If a line in the records below contains the word "thumbnail", copy it out.
Data records Start Marker
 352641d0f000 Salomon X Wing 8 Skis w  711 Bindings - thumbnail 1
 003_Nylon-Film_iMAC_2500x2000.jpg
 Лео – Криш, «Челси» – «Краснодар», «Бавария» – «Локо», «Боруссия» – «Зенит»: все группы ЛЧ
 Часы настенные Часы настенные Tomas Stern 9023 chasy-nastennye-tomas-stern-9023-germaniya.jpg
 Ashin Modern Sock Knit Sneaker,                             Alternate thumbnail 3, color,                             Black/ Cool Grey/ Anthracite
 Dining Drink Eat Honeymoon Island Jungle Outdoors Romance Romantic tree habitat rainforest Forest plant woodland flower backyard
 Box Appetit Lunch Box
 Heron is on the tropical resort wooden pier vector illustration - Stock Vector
Data records End Marker
• [Output of the task]:
 352641d0f000 Salomon X Wing 8 Skis w  711 Bindings - thumbnail 1
 Ashin Modern Sock Knit Sneaker,                             Alternate thumbnail 3, color,                             Black/ Cool Grey/ Anthracite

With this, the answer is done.